Vladimir Vasiliev is a former professional and trainer of Russian Special Operations Unit. Expert in Russian systems of combat and full spectrum of close protection disciplines. Former trainer of Russian Paratroopers, law enforcement agents, and elite bodyguards. 10 years of real and extensive military experience.
For more information visit http://www.fighthouse.com and click on image.


----------



## NYCRonin (Jun 1, 2003)

Edgar,
   We are looking forward to it - There will also be at least 5 of 
Vladimir's fully certified affiliate instructors in the mix also - including myself from the SYSTEMA/New York group. This will be an excellent learning opportunity for those in the area who are seeking the best Systema learning experience, and recommend the curious contact Edgar and arrange to attend.
See you there,
Rob Green
S/NY


----------



## Arthur (Jun 1, 2003)

Well we currently have 5.5 going (though I haven't told Edgar yet... yikes hope its not too late).

See you all there!

Arthur


----------



## TAZ (Jun 2, 2003)

.5??


----------



## Arthur (Jun 2, 2003)

a little inside joke.

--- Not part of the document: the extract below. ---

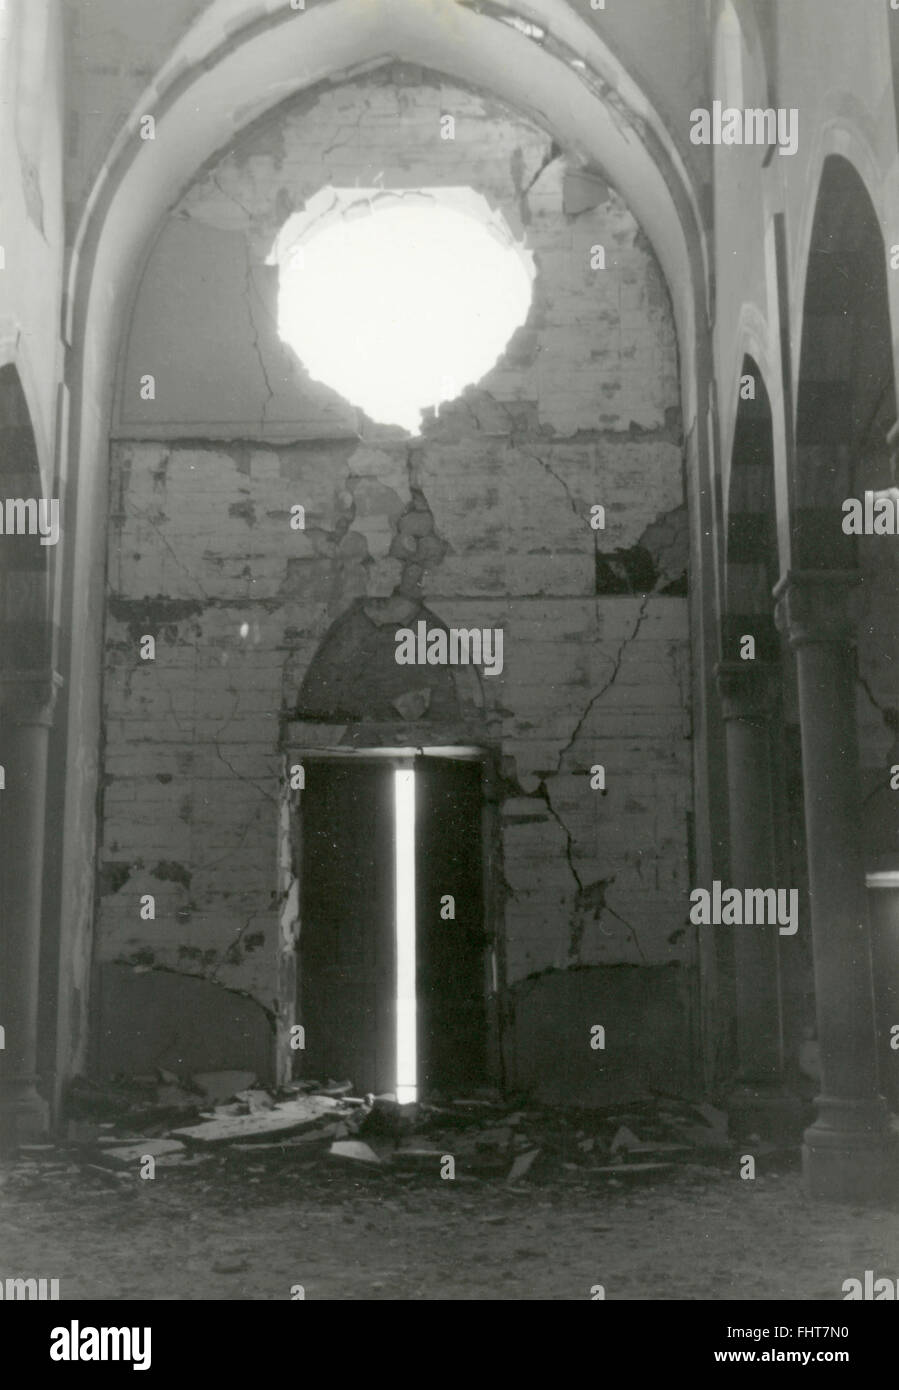 Earthquake in Friuli, Italy 1976: The damage to the church Stock Photo

Sorry.

Arthur


----------



## TAZ (Jun 2, 2003)

just made me laugh...I often got described as .5 or half-pint as a kid!!!


----------



## Edgar (Jun 8, 2003)

Robert and Arthur thanks for support.I had discussed with Vladimir this time he will show exercises and workouts which was never exposed before.Will be much fun.I will see you soon.


----------